▶ [Exercise] Would you retype exactly the lines from the one holding "Null 一个Minerva" through the last line of the listing, and only those, without pictures?

━━ Records shown ━━

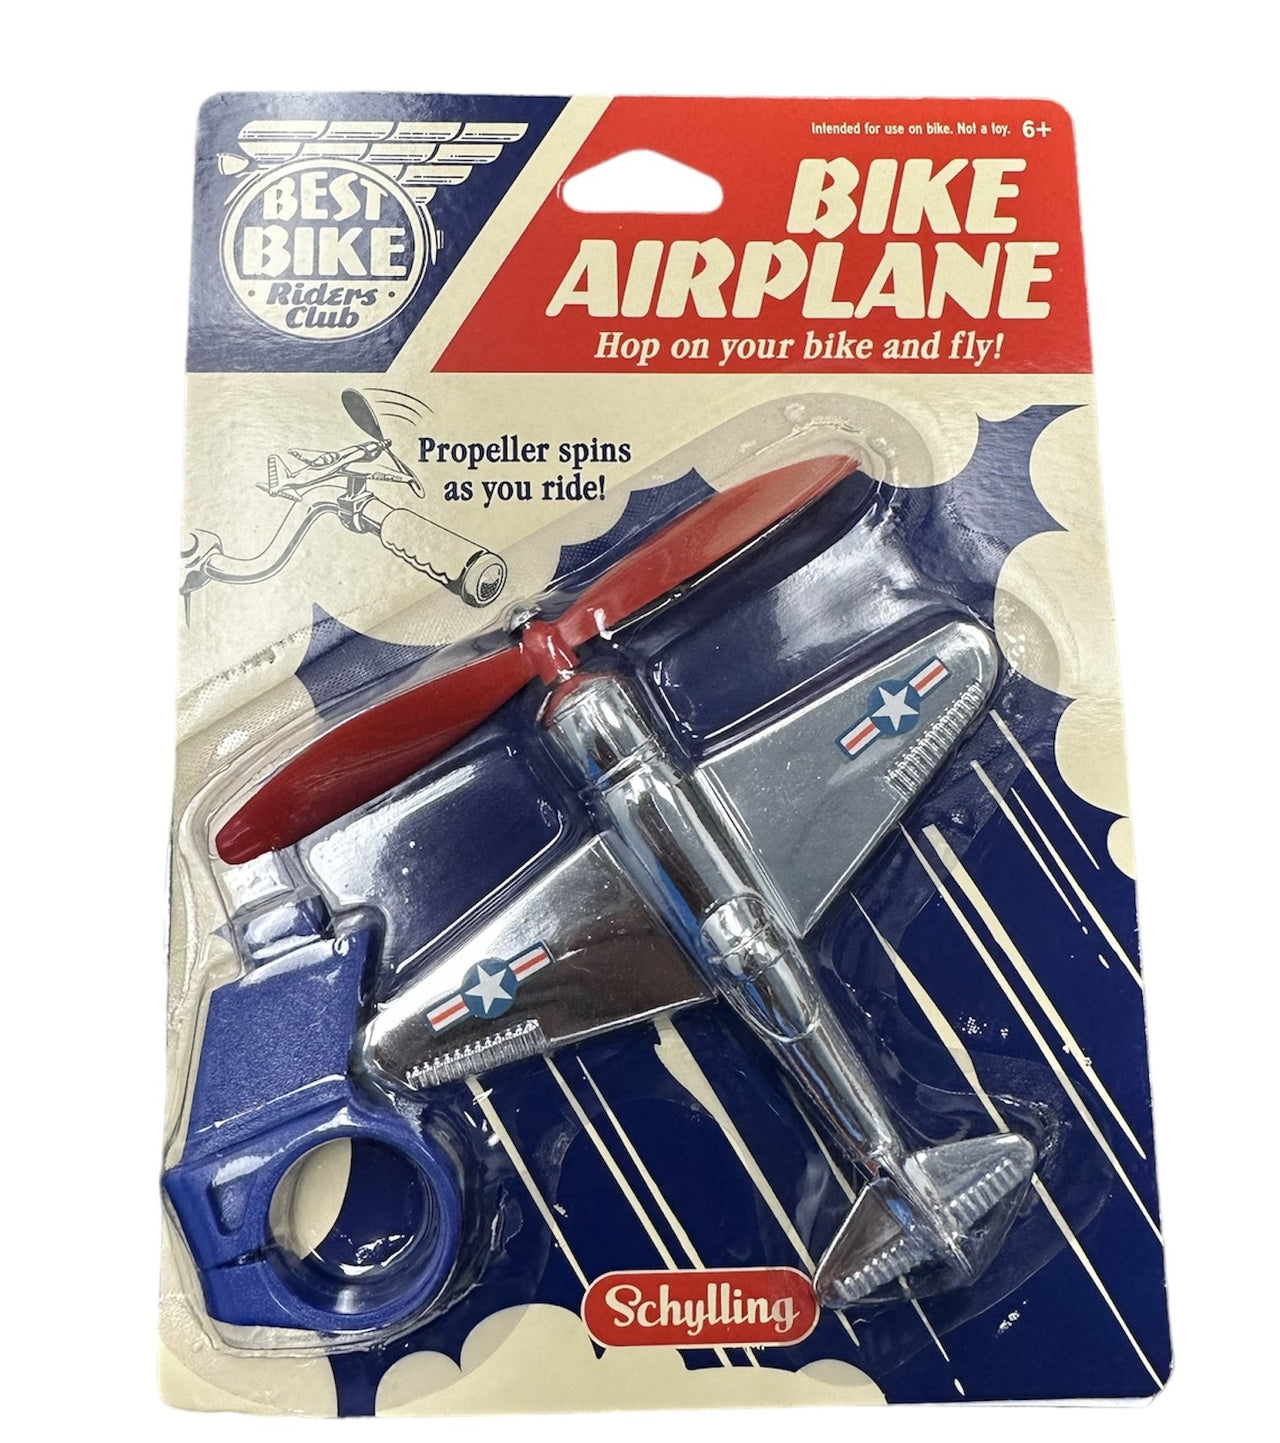 Bike Airplane
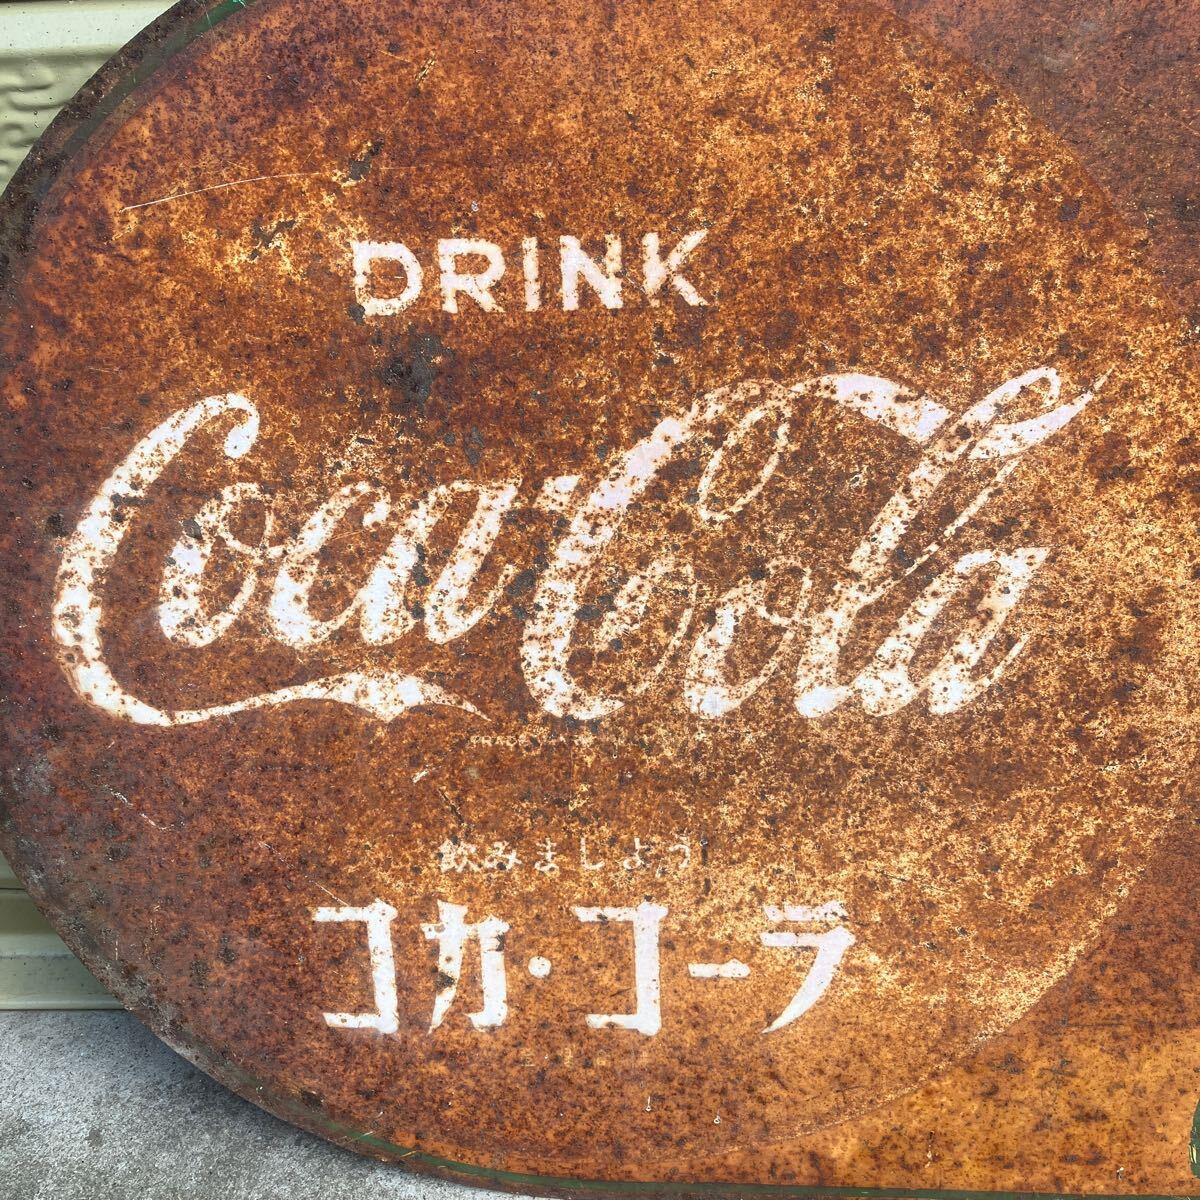 Coca-Cola コカコーラ DRINK 飲みましょう コカコーラ ホーロー 看板 レトロ アンティーク の画像5
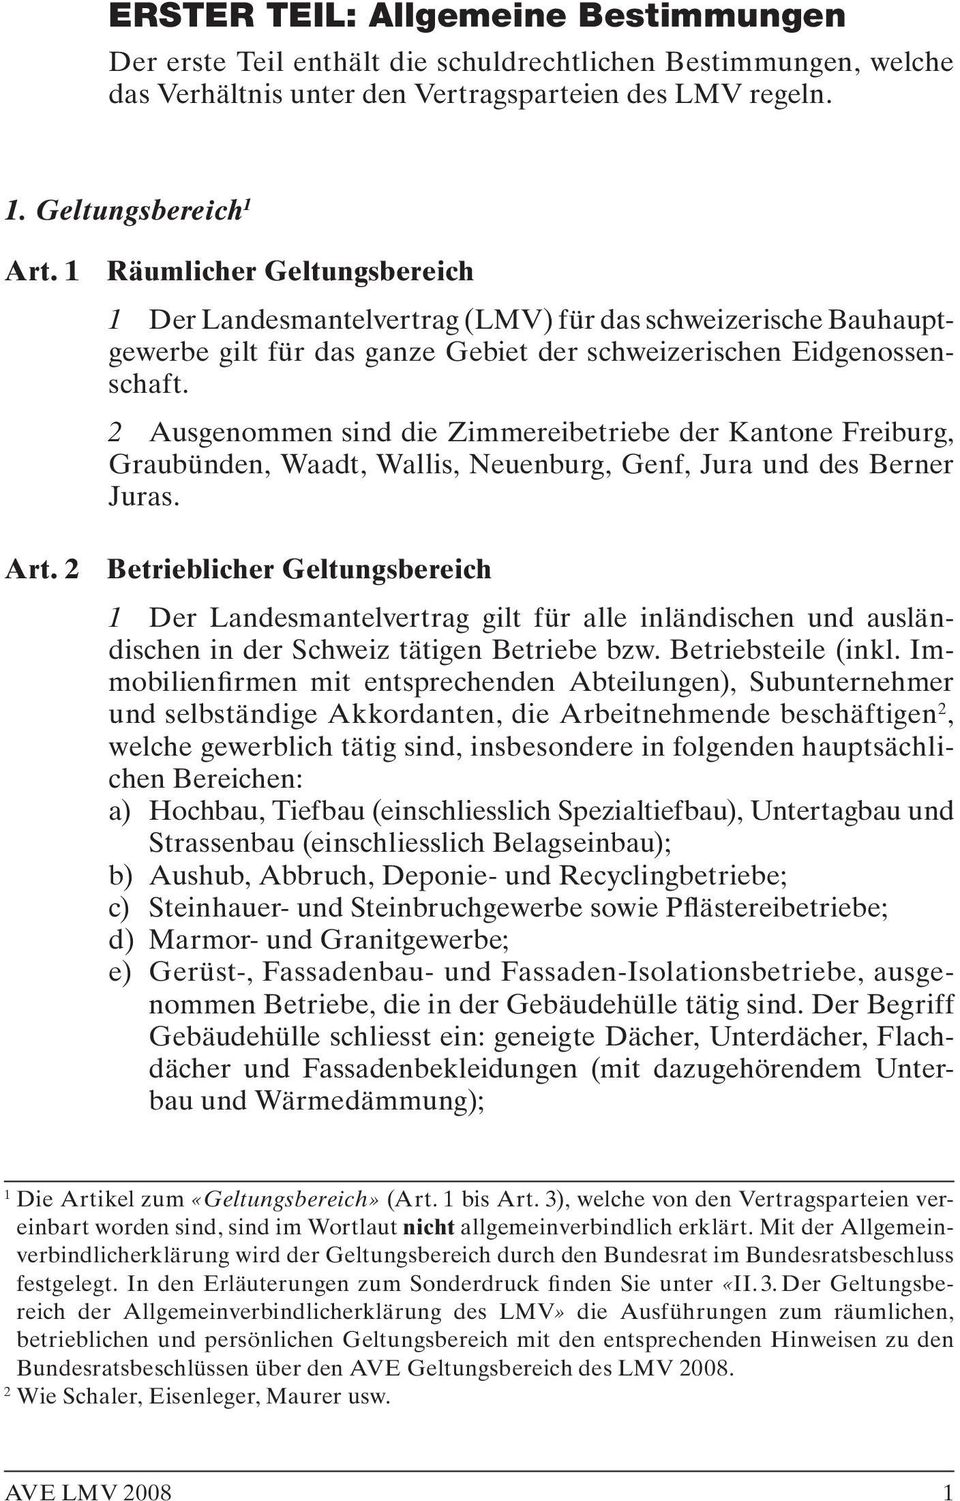 2 Ausgenommen sind die Zimmereibetriebe der Kantone Freiburg, Graubünden, Waadt, Wallis, Neuenburg, Genf, Jura und des Berner Juras. Art.
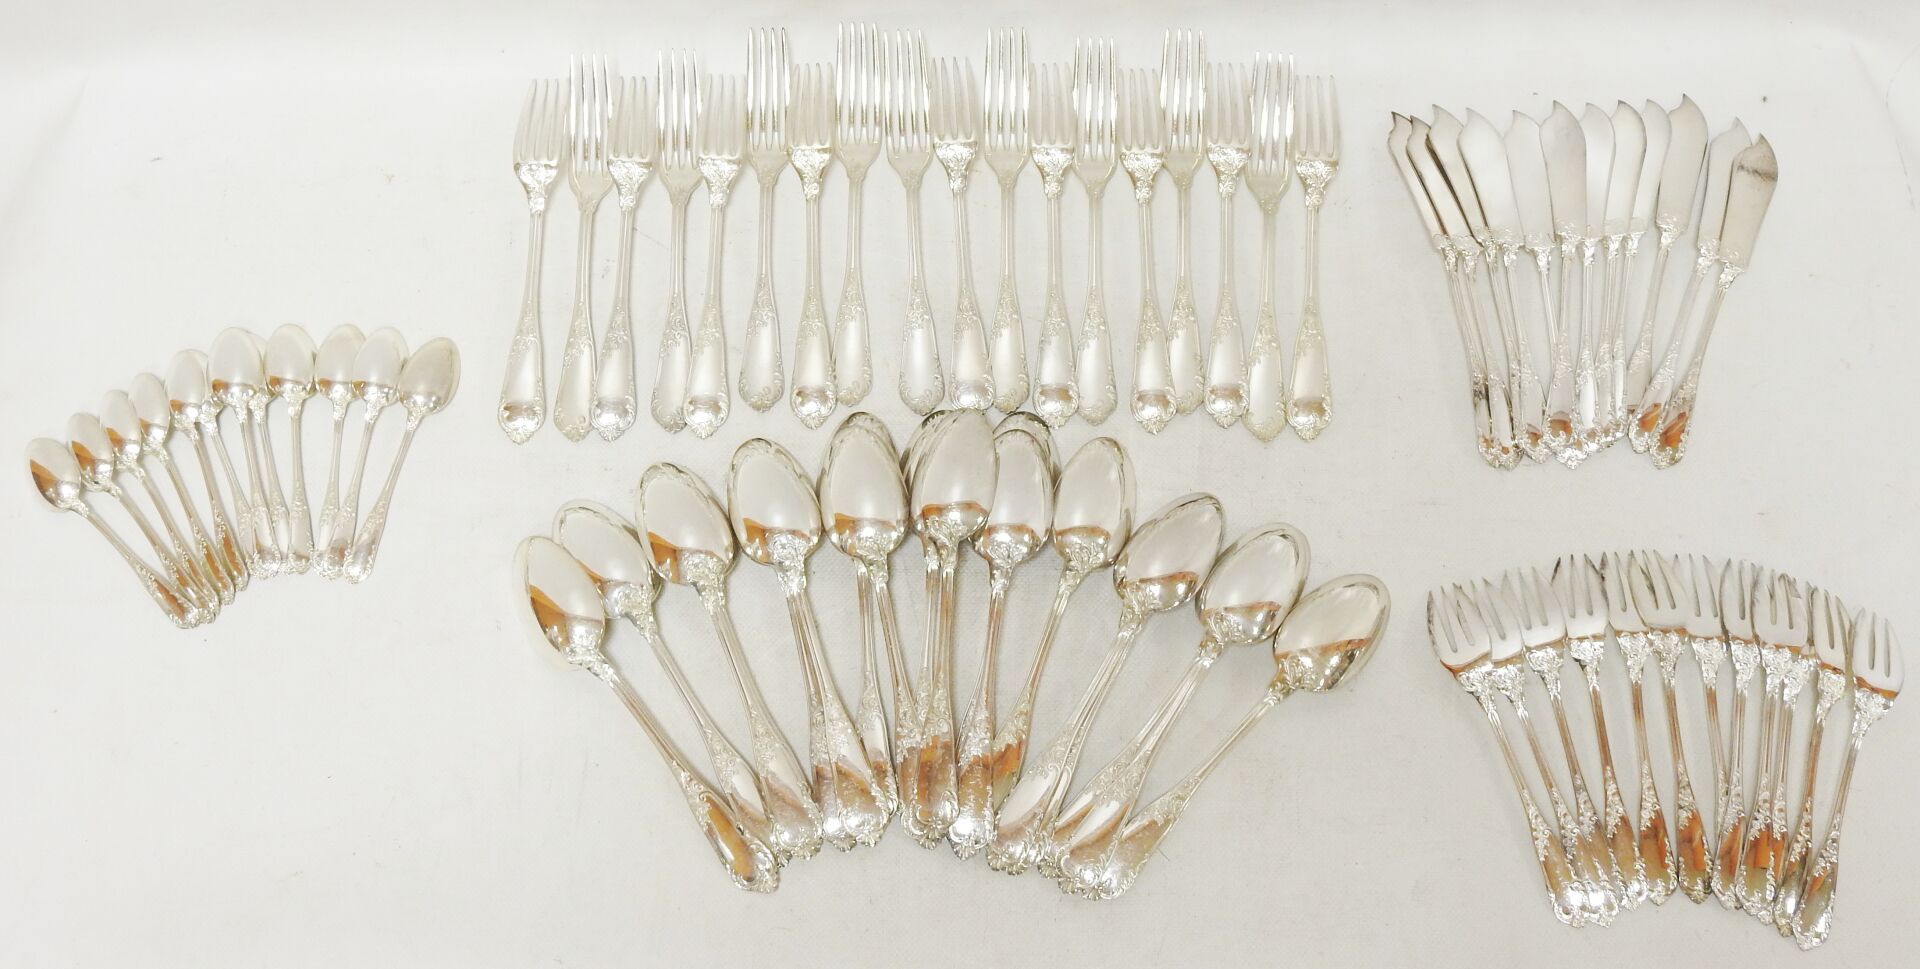 Null 一个Minerva银质晚餐服务，带有罗盖尔装饰，包括:十二个鱼形餐具，十二个甜点勺子和十二个大型餐具。

总重量：4900克。

磨损和撕裂。

━━━

▶ [Worked solution]
 Null 一个Minerva银质晚餐服务，带有罗盖尔装饰，包括:十二个鱼形餐具，十二个甜点勺子和十二个大型餐具。

总重量：4900克。

磨损和撕裂。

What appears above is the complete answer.